When you reach the line that contains "Ocean Edu - Hành" in the data below, start reproducing lines exactly, and stop after the line that contains "Visuel pour Fabien".

§ **Source material**:
# # # #
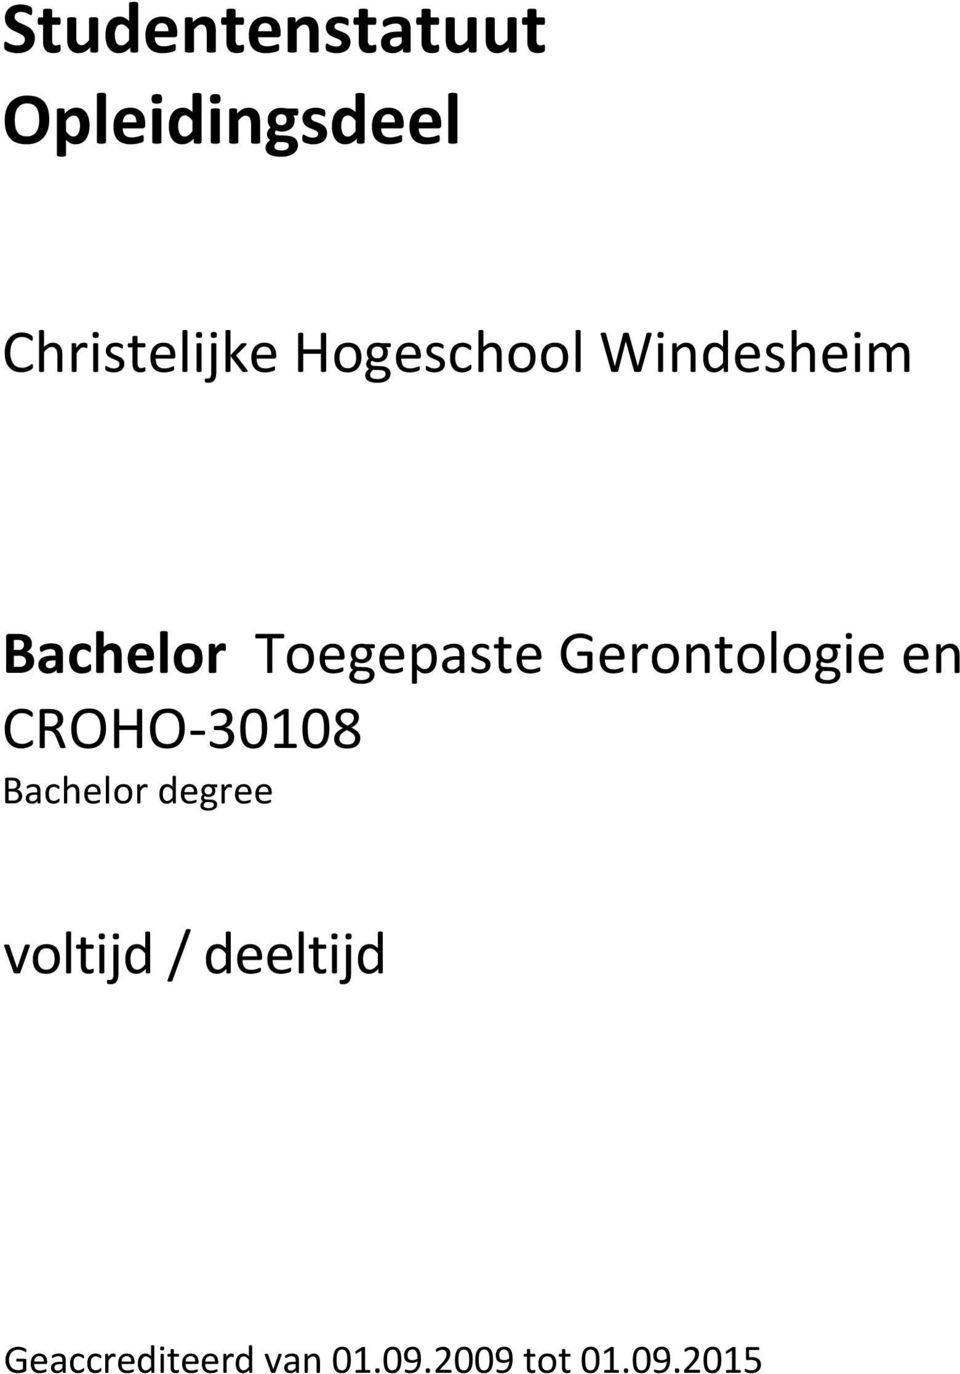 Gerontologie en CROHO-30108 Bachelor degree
# # # #
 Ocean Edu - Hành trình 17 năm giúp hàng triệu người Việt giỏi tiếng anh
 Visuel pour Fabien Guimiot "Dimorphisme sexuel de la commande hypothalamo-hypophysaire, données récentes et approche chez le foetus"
# # # #
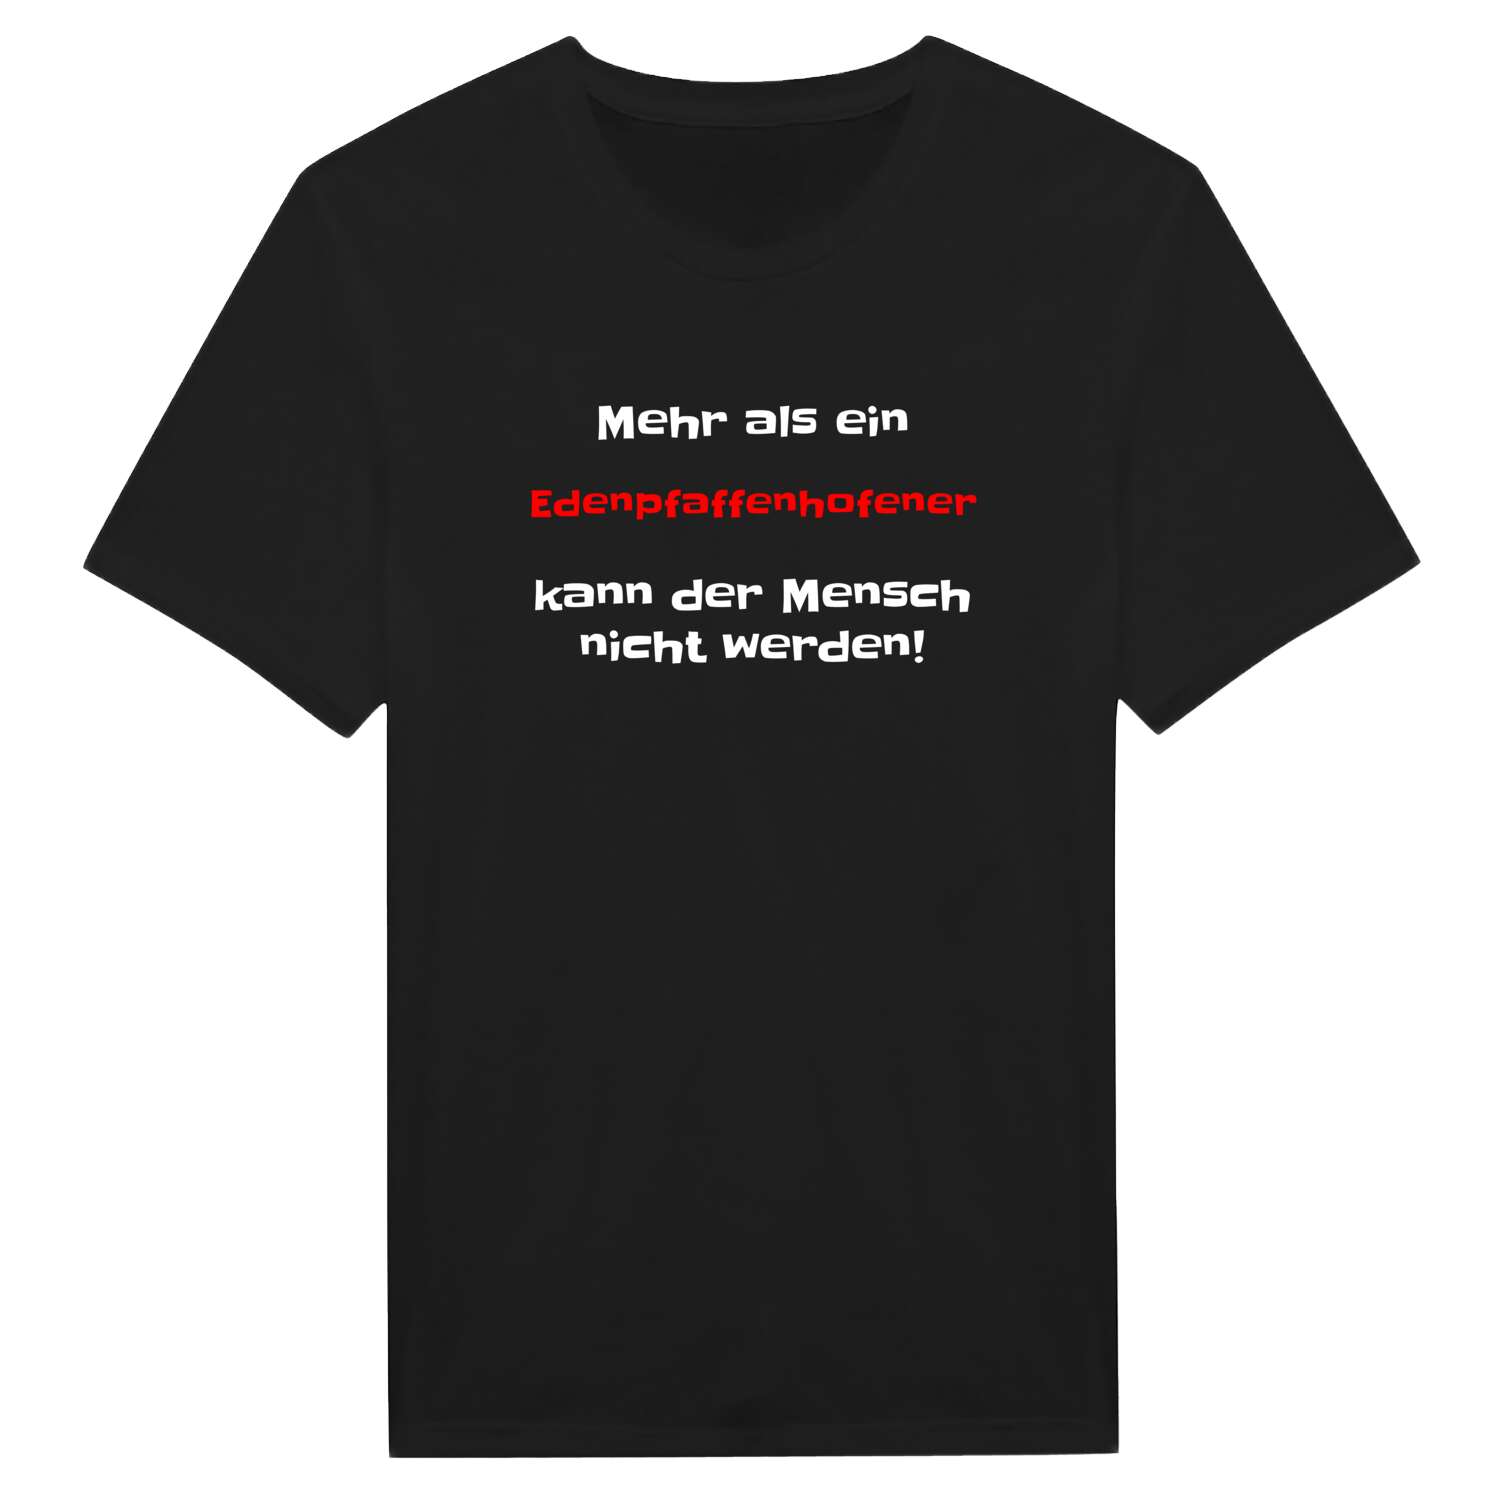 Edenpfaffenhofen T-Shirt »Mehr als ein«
# # # #
§ **Task response**:
 Ocean Edu - Hành trình 17 năm giúp hàng triệu người Việt giỏi tiếng anh
 Visuel pour Fabien Guimiot "Dimorphisme sexuel de la commande hypothalamo-hypophysaire, données récentes et approche chez le foetus"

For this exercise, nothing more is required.